Although new technologies such as whole exome sequencing (WES) are cost effective and fast, they typically generate thousands of potential candidate variations that need to be interpreted in light of what is known or can be predicted about the variant and the affected gene. One of the most powerful lines of evidence comes from whether the patient’s clinical signs and symptoms show similarity to phenotype data previously associated with mutations in the gene.

A wealth of data for this task is available in the Mouse Genome Database (MGD) (Eppig et al. 2015) through the curation efforts of the Mouse Genome Informatics (MGI) group and from the high throughput phenotyping of the International Mouse Phenotyping Consortium (IMPC) (Koscielny et al. 2014). The paper by Meehan et al. in this issue describes how IMPC aims to complete the functional catalogue of all protein-coding genes by 2020, strengthening the existing status of the mouse as the premier model organism for investigating human disease.

The MGI and IMPC website resources are available to clinical researchers to assess individual human disease variant candidates. However, until recently this data have been under-utilized and not used in an automated, systematic approach due to the challenges in comparing human and mouse phenotypes and the lack of tools allowing clinicians and researchers to perform these comparisons (Gkoutos et al. 2012). In this review, we discuss the challenges in comparing phenotypes across species and integration with exome analysis, some of the solutions that have been developed in the context of the Monarch Initiative (www.monarchinitiative.org), and emerging tools for rare disease exome analysis that exploit these comparisons.

Clinical and model organism phenotype data

Data on the ~7000 known genetic and other rare human diseases are stored in the Online Inheritance in Man (OMIM) (Amberger et al. 2015). OMIM contains substantial amounts of descriptive data on the objective signs and subjective symptoms for each disease. However, as this data are represented as free text, it is less amenable to computational analysis, e.g. related diseases cannot easily be discovered using these descriptions. The Human Phenotype Ontology (HP) was developed to describe such phenotypes in a standardized manner that allows such analyses (Köhler et al. 2014a) and there are now over 11,000 terms in HP. The results of an ongoing curation effort by the Monarch Initiative, and members of the rare disease community such as Orphanet (Ayme 2003), are made publicly available from http://www.human-phenotype-ontology.org and currently contain annotations for 9019 DECIPHER, OMIM, and Orphanet disorders.

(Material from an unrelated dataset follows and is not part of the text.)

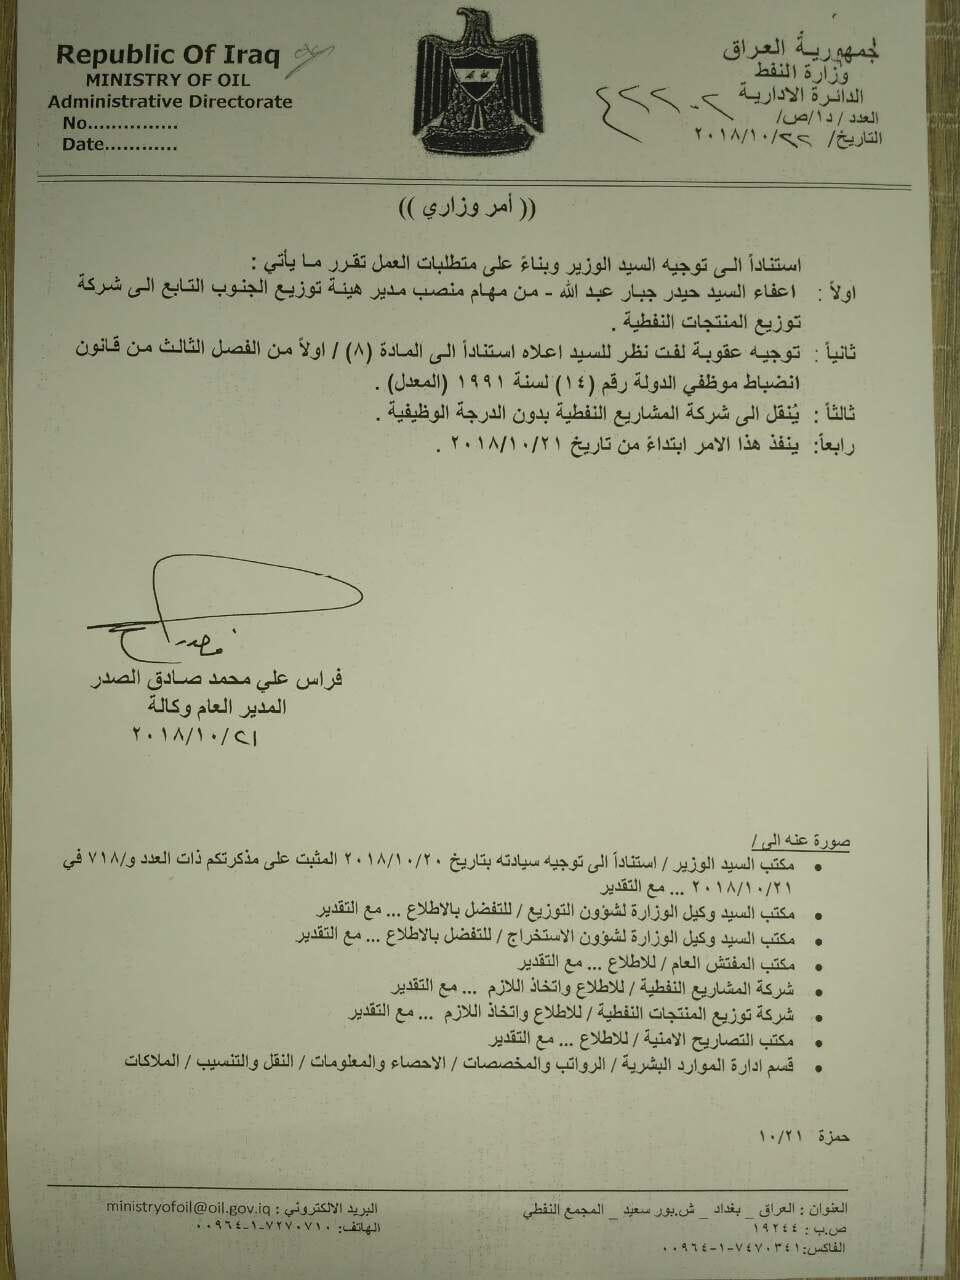 بالوثيقة  إعفاء مسؤول كبير في وزارة النفط

The largest source of mouse phenotype data is the MGD, containing curated annotation of mouse mutants described in literature and also by the import of large-scale projects such as IMPC. Phenotypes are described using the well-established Mammalian Phenotype Ontology (MP) developed precisely for this curation effort. MP currently contains 10,000 terms (Smith and Eppig 2012). MGD contains 278,701 phenotype annotations for over 53,000 different mouse strains involving disruptions in 10,753 genes. The IMPC database contains data for 1470 strains, each with a presumptive null mutation in a unique gene, and 5725 phenotype annotations. The IMPC pipeline involves a sequential set of tests collecting data on parameters covering all major adult organs and most major disease areas (Koscielny et al. 2014). Given the focussed nature of most published studies, phenotypes that are not assigned to a MGD strain cannot be assumed to be absent. In contrast, for the standardized IMPC pipeline, every assayed phenotype can be assumed to be negative if not reported. However, the pipeline only covers a defined but limited range of phenotypes.

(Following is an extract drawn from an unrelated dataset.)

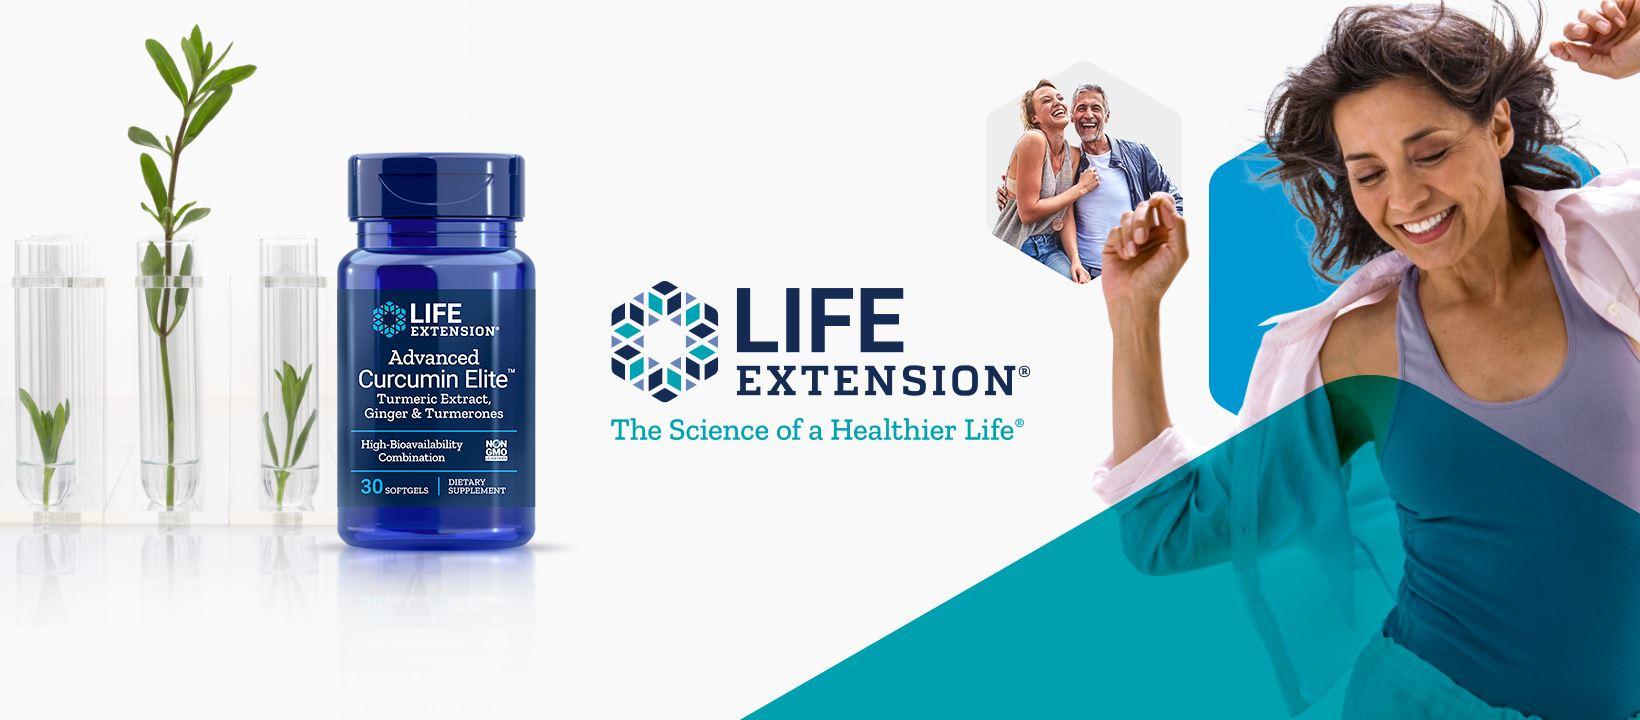 2020最新Life Extension美国官网海淘攻略及转运教程(8%返利+优惠活动)

At present some 3400 human genes have HP annotations assigned to them based on their association with disease(s). Mouse mutants involves only a single gene disruption and MP annotation(s) exist for 9974 genes, with only 2341 overlapping with the set of human disease genes. Therefore there is an abundance of genes with genotype–phenotype information available only in the mouse and potentially translatable to human disease studies.

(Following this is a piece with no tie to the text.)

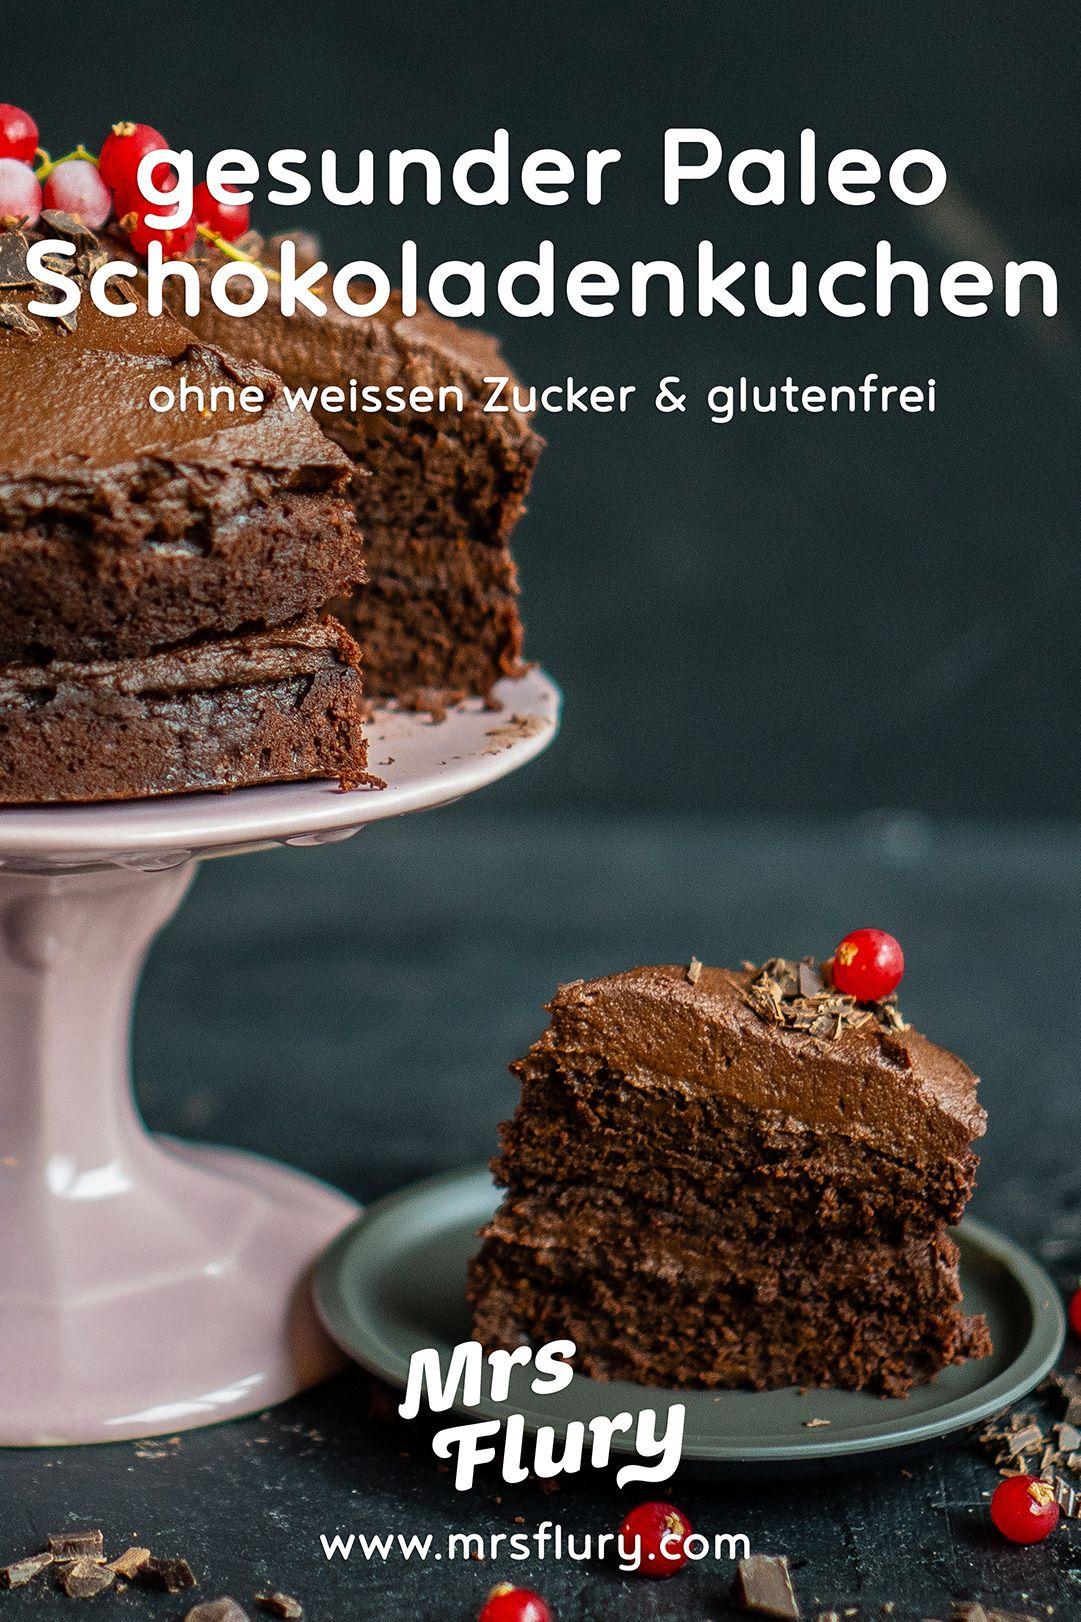 Paleo Schoko Kuchen mit Süsskartoffel - gesund & glutenfrei - Mrs Flury

The Monarch Initiative (www.monarchinitiative.org) is an international consortium that aims to integrate data from a large number of diverse resources for human and model organisms (including from IMPC, MGD, OMIM, Orphanet, etc.) describing diseases, phenotypes, environmental factors, drugs, literature, research resources, etc. for the purposes of disease mechanism discovery and diagnosis. The foundation of the Monarch Initiative is the semantic integration of genotype–phenotype data into a single knowledge base that provisions for the application of graph-based computational analyses through the OWLSim software package, including phenotypic profile matching (Washington et al. 2009). Flexible tools for data access and retrieval through APIs and Web widgets suitable for inclusion in third-party sites support the customization and use of this data for diverse purposes.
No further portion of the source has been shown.